My attempt at a solution:
Let $x$ = the number of minute spaces moved by the hour hand.
Let $y$ = the number of minute spaces moved by the minute hand.
Since the minute hand moves twelve times as fast as the hour hand, $y=12x$
Now, this is where it can get a little tricky. According to the problem, the hands are currently opposite each other; or, in other words, $y=60+x$. This is because, to reach the hour hand, the minute hand has to move 60 minute spaces (since that is how long an hour is), but then, to be opposite the other hand, move the same amount of minute spaces as the hour hand has (i.e., in this problem, 30 minute spaces, which is half an hour).

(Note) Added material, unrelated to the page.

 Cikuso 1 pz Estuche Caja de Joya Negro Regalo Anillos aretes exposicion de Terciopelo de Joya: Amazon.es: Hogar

So, to coincide, the hour and minute hands must have the same number of minute spaces. I think that this should be represented by $y=60-x$, since, in the current scenario, the minute hand is $x$ minute spaces ahead of the hour hand, and thus it must move back $x$ spaces to coincide with the other hand.

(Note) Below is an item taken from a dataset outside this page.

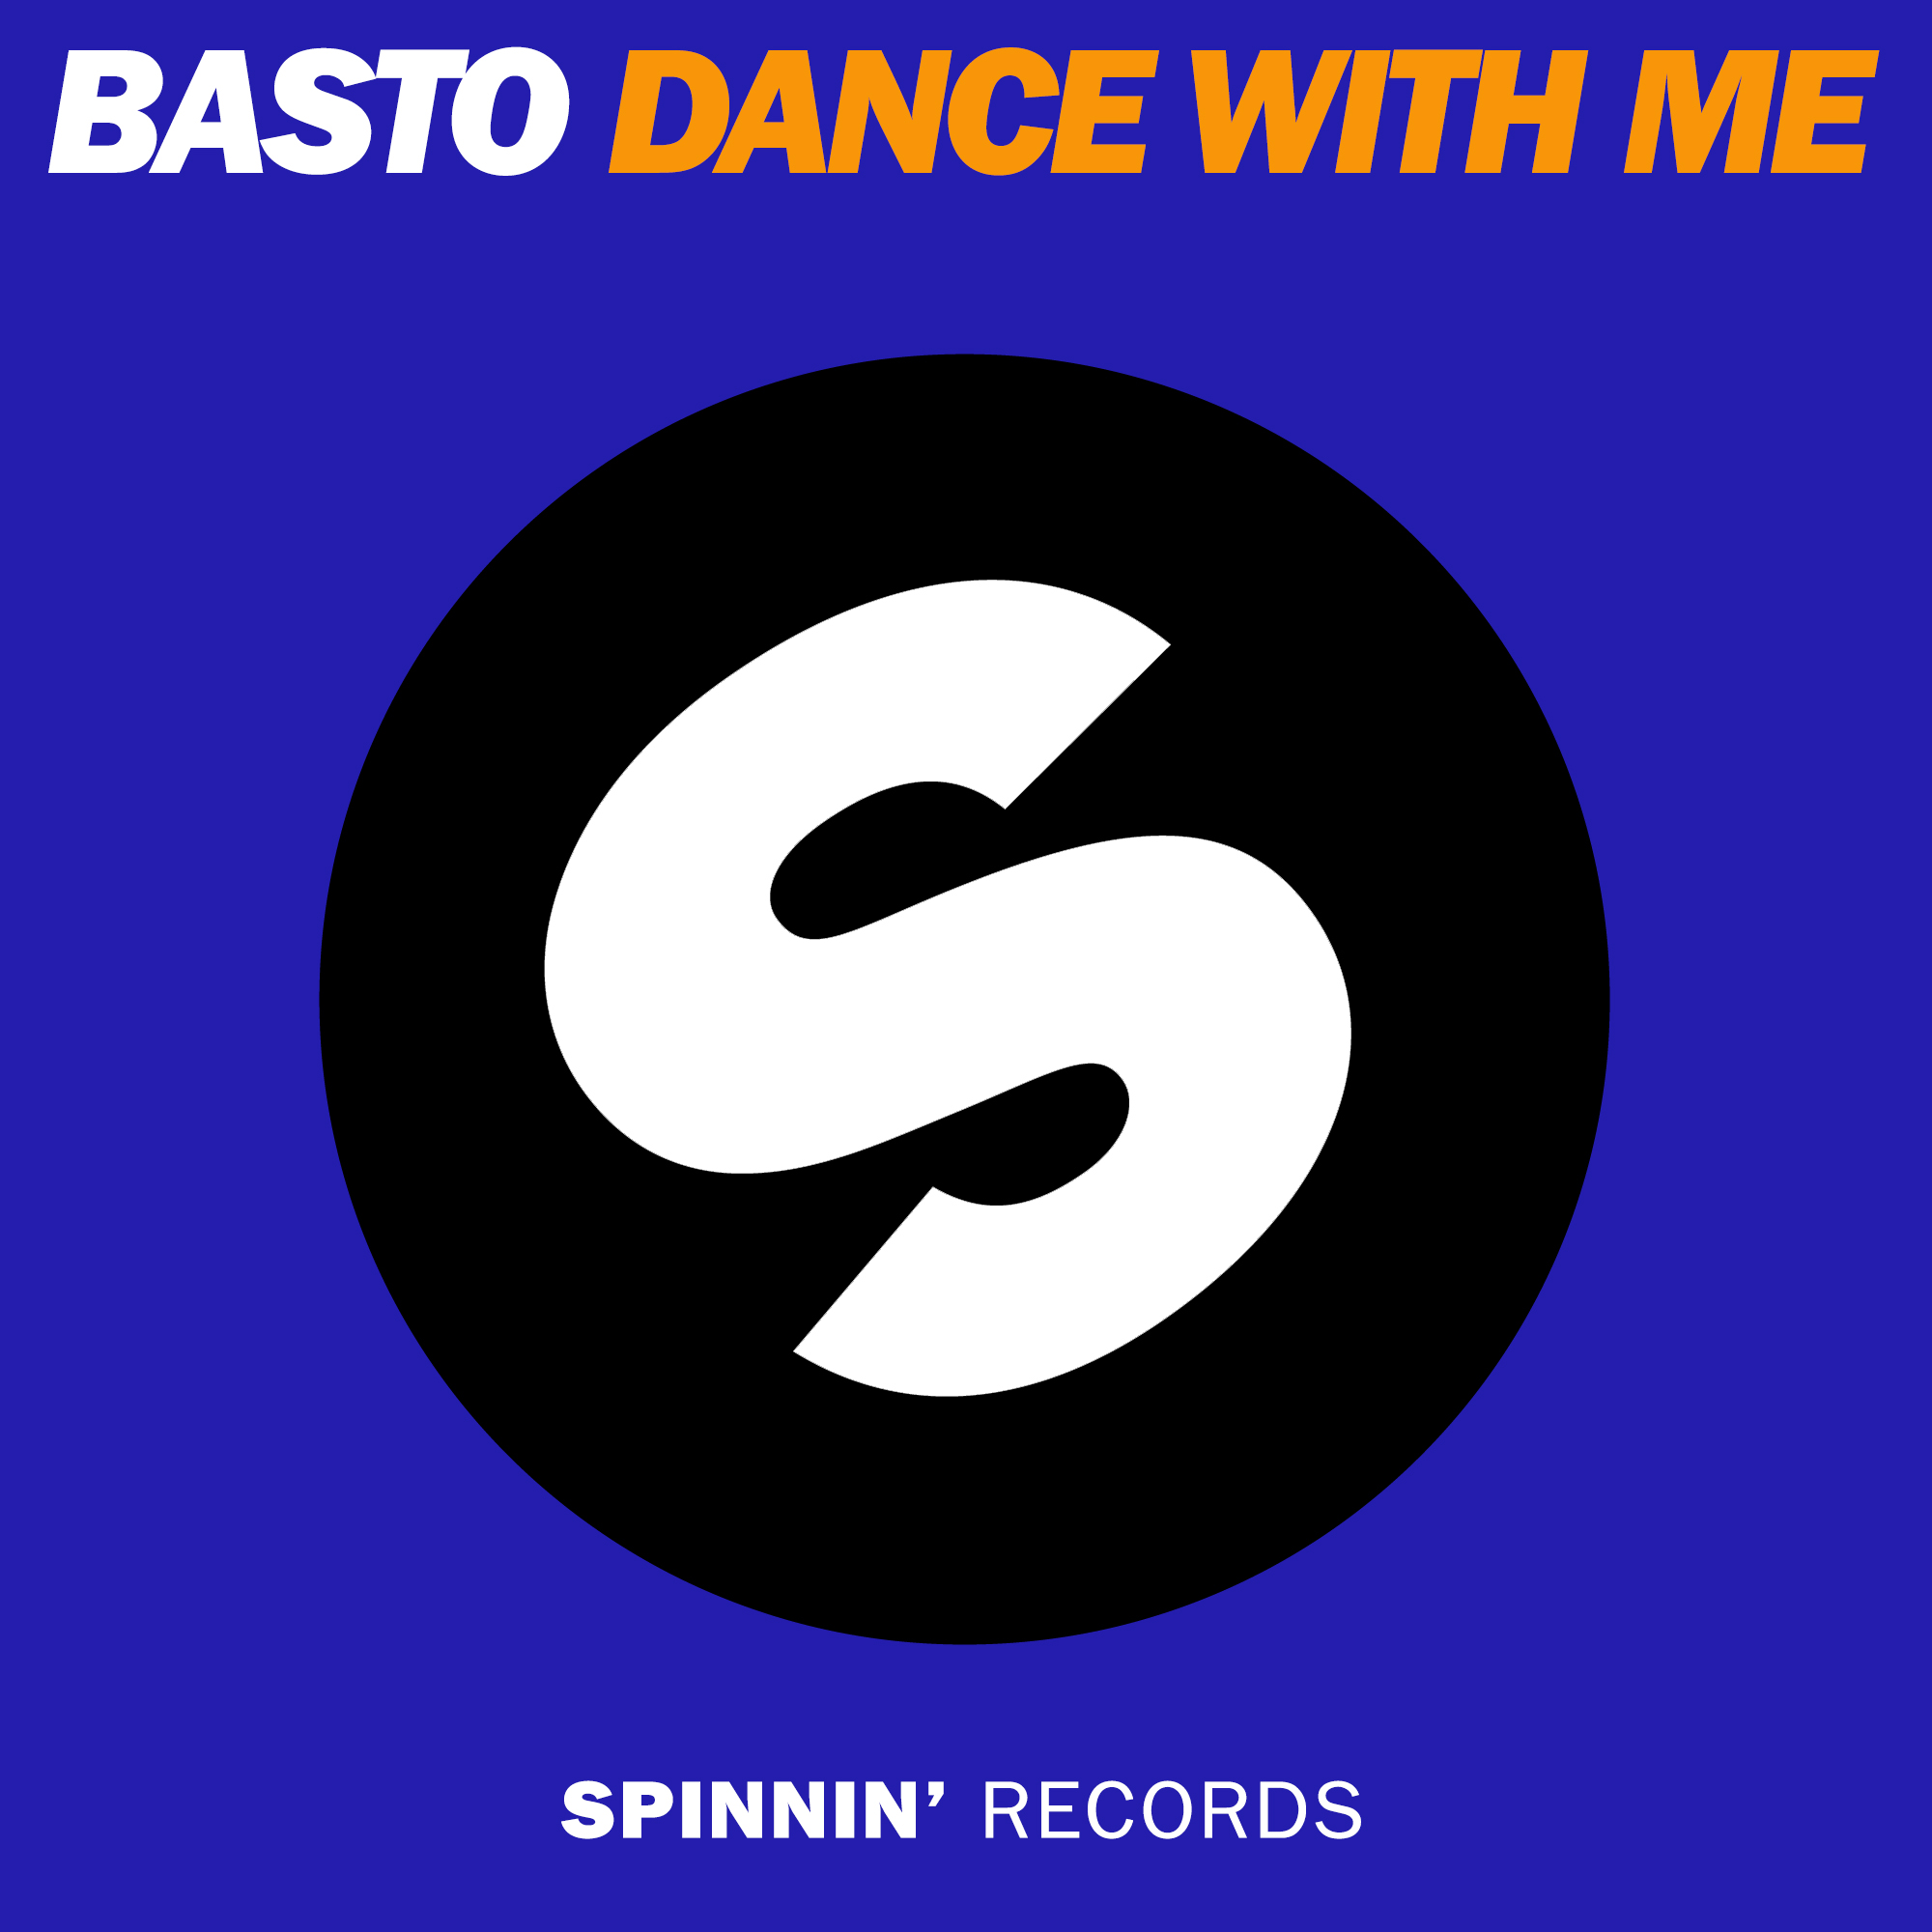 basto dance with me original mix preview your edm. Black Bedroom Furniture Sets. Home Design Ideas

So, the two equations are $y=12x$ and $y=60-x$.
After substituting $12x$ for $y$ in the second equation, we get:
$12x=60-x$
$13x$=60
$x=\frac{60}{13}$
Substituting this value back in the 1st equation, we obtain $\frac{720}{13}=y$. After converting that to a mixed number, we get $55 \frac{5}{13}$ minutes.
My Questions
To me, it doesn't make sense how I should convert this value into an answer; I have a number of minutes, but not a specific time on the clock.
I also don't know if my second equation for when the minute and hour hands coincide is correct, and therefore I have an overall doubt with regards to the accuracy of my solution. If my solution is wrong, could someone please explain my error so that I can get the right answer?
Thanks
Best Answer
The clock is now at 6 o'clock, so the minute hand points up and the hour hand points down. I'll use your definitions but make them a bit more precise:
Let x be the number of minute spaces moved by the hour hand between now and the moment the hands coincide.

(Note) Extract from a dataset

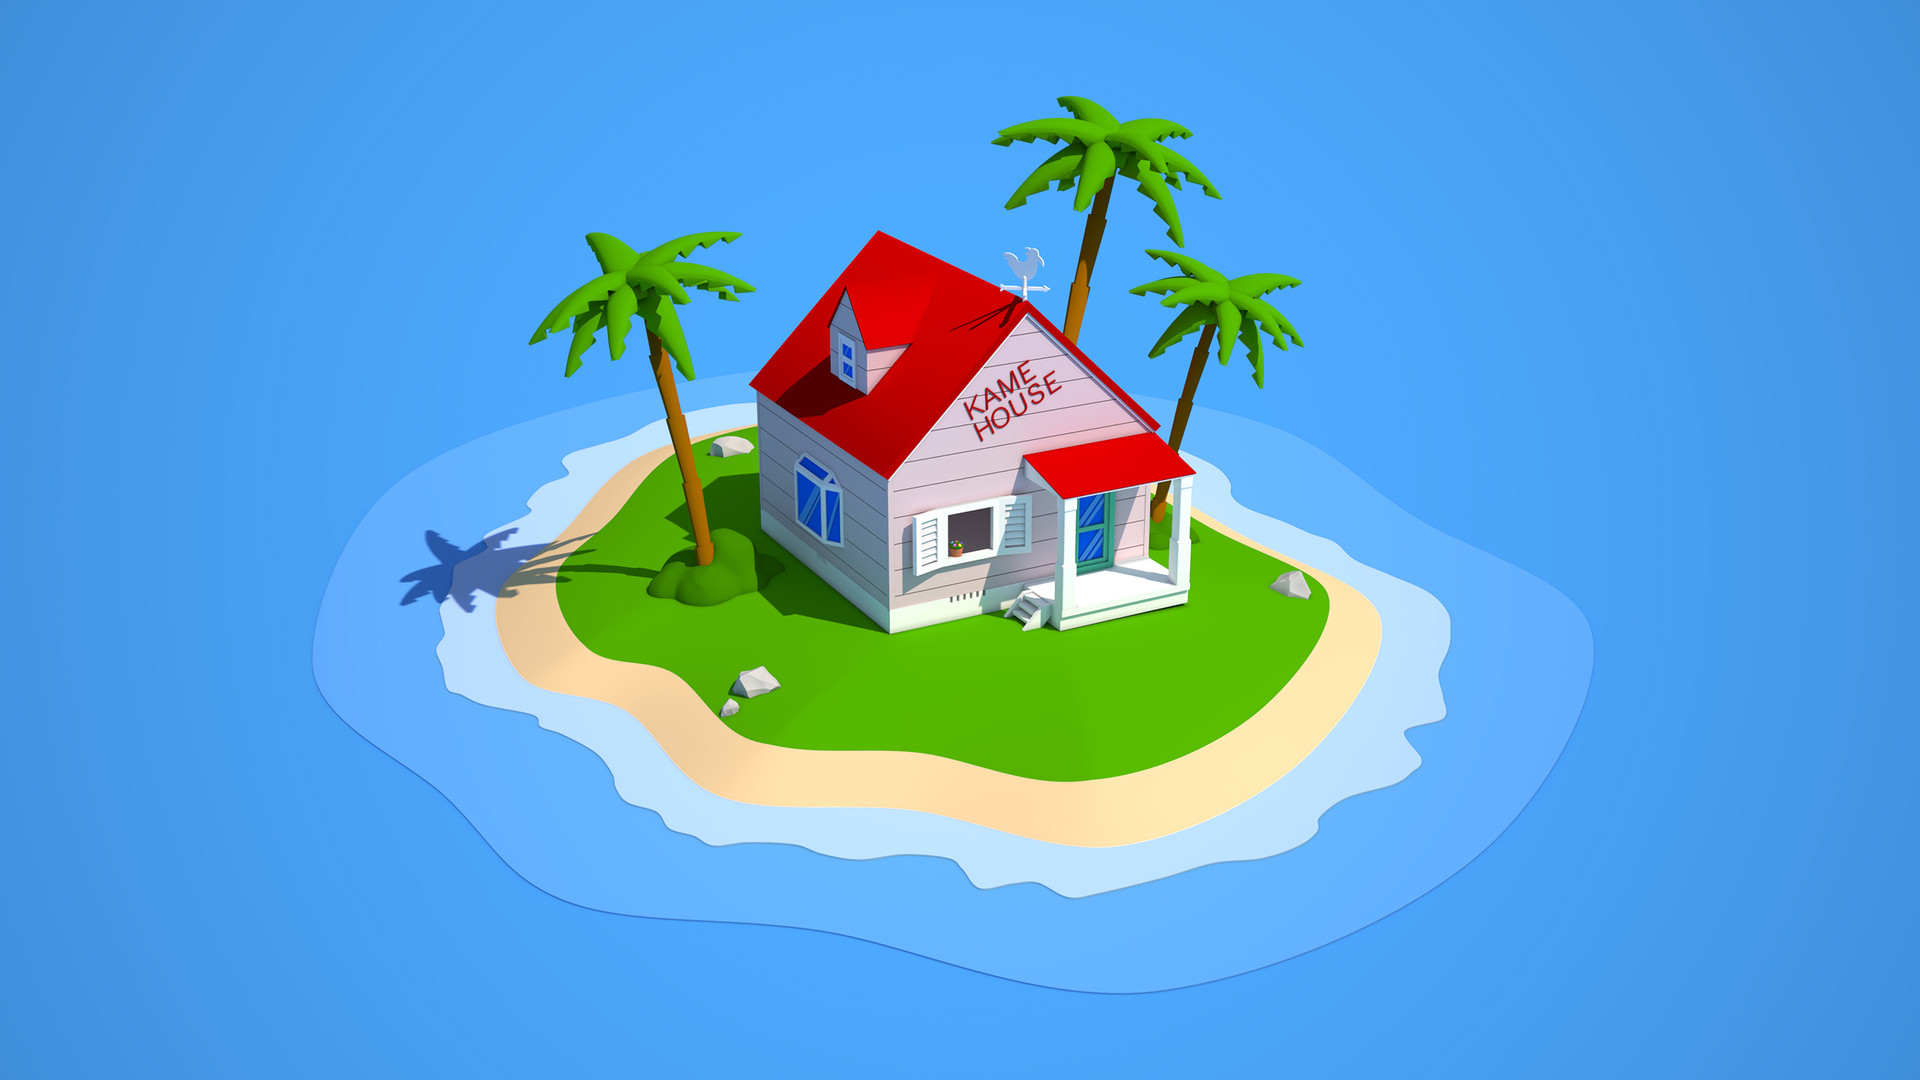 artstation dragon ball kame house nicolas oberson. Black Bedroom Furniture Sets. Home Design Ideas

Let y be the number of minute spaces moved by the minute hand between now and the moment the hands coincide.
As you say, the minute hand moves twelve times as fast as the hour hand, so y=12x.
The minute hand needs to travel 30 minute spaces around the clock to get where the hour hand starts off at, and then needs to travel as much as the hour hand to catch up. Basically the hour hand has a head start of 30 minute spaces that the minute hand needs to catch up on. This gives the second equation y=30+x.
Solving these two equations gives y=12*30/11 = 32.7272. This is the number of minute spaces that the minute hand has to travel, i.e. the number of minutes that have elapsed. This is 32 minutes and 43.6363 seconds after 6 o'clock.